В процессе приготовления, Евгений хранил благоговейное молчание и лишь тогда, когда процесс дегустации напитка, наконец, состоялся, Евгений отставил чашку в сторону и прямо взглянул мне в глаза.
– Ты привел мне очень необычных мальчиков, – сказал он.
– Вот как?
– Да. Тот, что помладше – как я понимаю именно он твой племянник, – очень способный. Реакция хорошая, пластика… И главное – соображает хорошо. А в нашем деле хорошая голова намного важнее силы. В общем, мальчик перспективный. Причем настолько, что я готов заниматься с ним индивидуально и безо всякой платы.
– Да нет, зачем же без платы, – я отстраненно подвигал перед собой раскрытой ладонью. – Я вполне платежеспособен, а сумма, которую ты назвал первоначально, мой бюджет не напрягает. Но, как я понимаю, ты позвал меня не для разговора об оплате?
– Ты прав. Я хотел спросить о втором мальчике. Где ты его нашел, и что вообще о нем знаешь?
– Хм… А что, у тебя появились сомнения в его благонадежности?
– У меня появились сомнения во всем.
– То есть?
– Понимаешь, русские боевые искусства не то чтобы сильно вошли в моду, но и чем-то редким и экзотическим их не назовешь. Практически в каждом городе имеются соответствующие секции, в 2005 году даже первый международный форум прошел. Весьма представительный, кстати. Народу съехалось столько, что организаторы головы сломали, как всех разместить…
– Прости, что перебиваю, но…
– А ты не перебивай. Я говорю строго по теме.
Так вот. Все это достаточно широкое распространение, множество тренеров, секций, обучающихся – это лишь видимая часть айсберга.
– Ты меня пугаешь.
Евгений лишь поморщился на мою реплику и продолжил, все так же прямо и с гипнотическим упорством глядя мне в глаза:
– Для определенной категории людей – можно назвать их «посвященными», существует другой, гораздо более глубокий уровень овладения русским боевым искусством.
Тут он неожиданно и довольно резко встал и отошел к окну. А потом, простояв там минуту, так же резко вернулся и сел.
– Ты когда-нибудь задумывался о том, почему самые сильные бойцы на поле Куликовом были монахами?
– Э-э… Ты имеешь ввиду Пересвета и Ослябю?
– Именно.
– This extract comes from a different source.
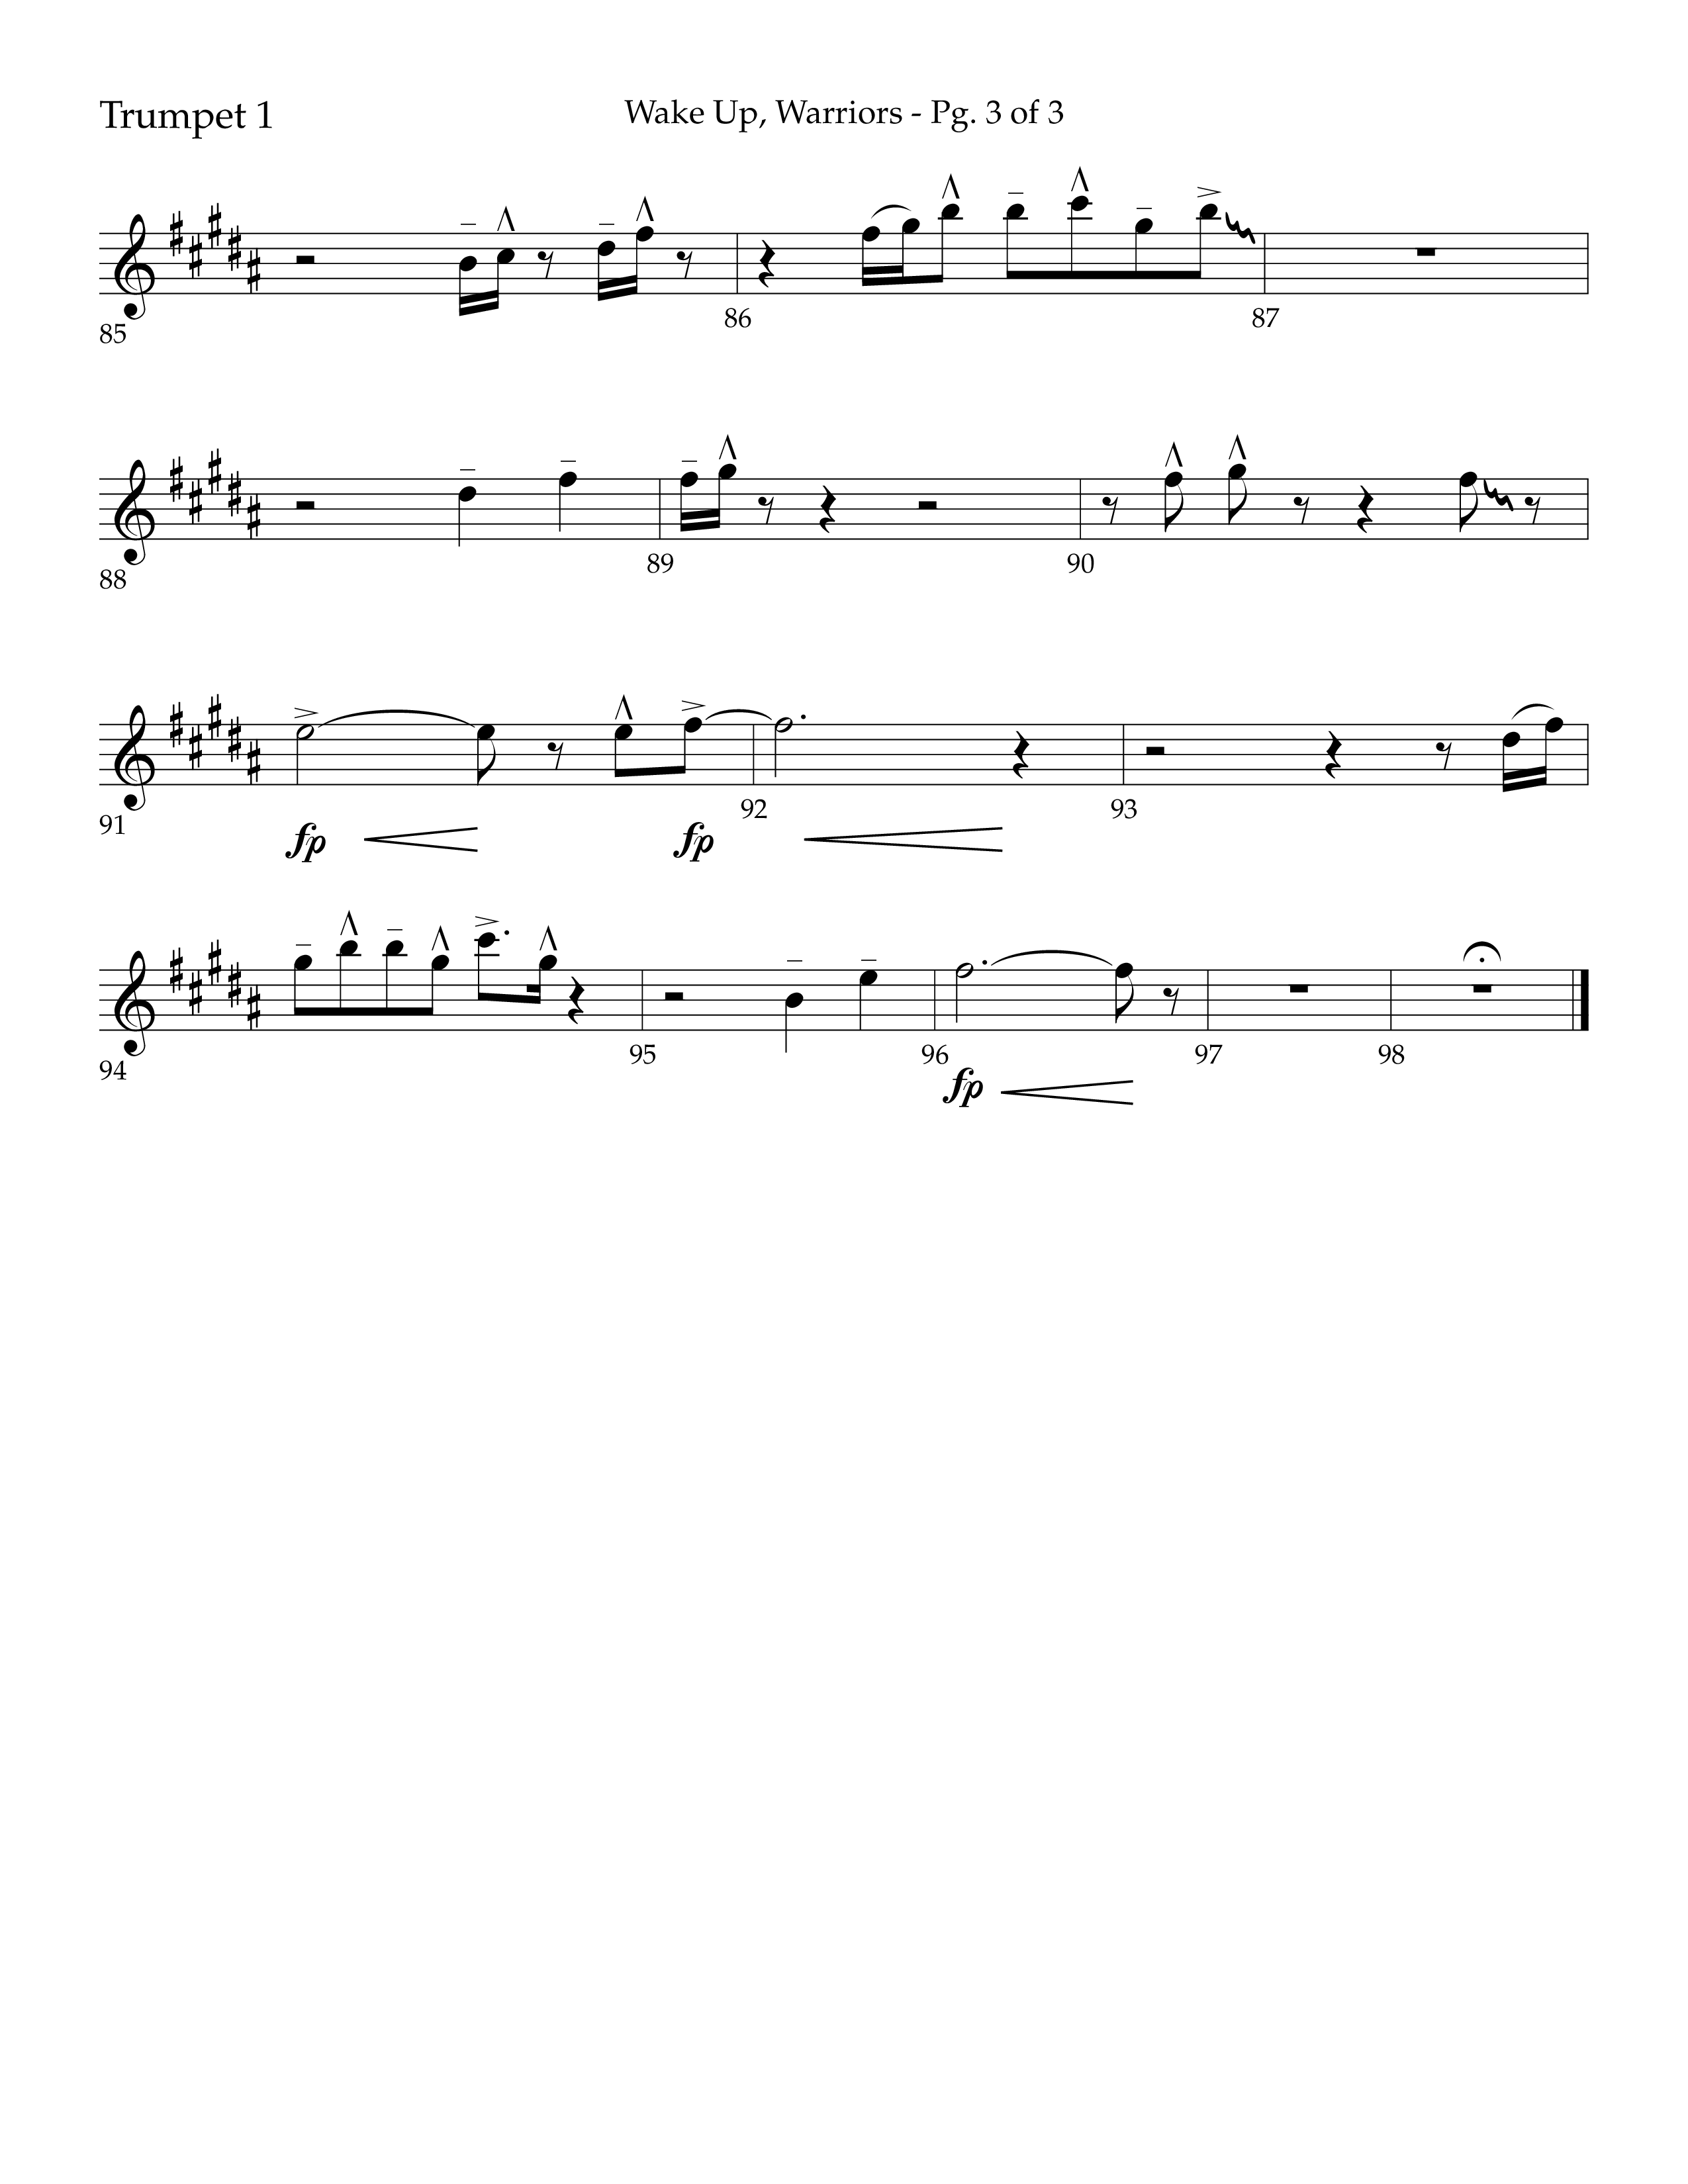 Wake Up Warriors (Choral Anthem SATB) Trumpet 1 (Lifeway Choral / Arr. John Bolin / Orch. Tim Cates)

Когда перед боем крикнули поединщиков, схватка между которыми могла решить весь исход битвы, с обеих сторон выехали самые сильные богатыри. И от русского войска выехал Пересвет. Монах.
– Ты намекаешь, что в русских монастырях хранились некие тайные знания, постигнув которые послушники становились непобедимыми воинами. Я правильно понял?
– Примерно так. Не случайно и китайское кунг-фу культивировалось именно в монастырях. В том числе в знаменитом Шао-лине.
– Допустим. И что?
– А то, что в настоящее время сохранилось очень немного людей, которые владеют этими тайными знаниями. И могут, например, не прикасаясь к противнику, свалить его с ног на расстоянии до 5 метров.
– Опа. Постой, а я что-то такое видел по телевизору. Какой-то американский тренер демонстрировал подобные трюки. Но, конечно, о расстоянии в пять метров речь не шла.
– То, что демонстрировал американец – фуфло. Настоящий мастер своих умений на публике не показывает. И увидеть что-то такое можно только в очень и очень узком кругу.
– Допустим. И что? – я взял свою недопитую чашку и сделал осторожный глоток. – Причем тут мои мальчишки?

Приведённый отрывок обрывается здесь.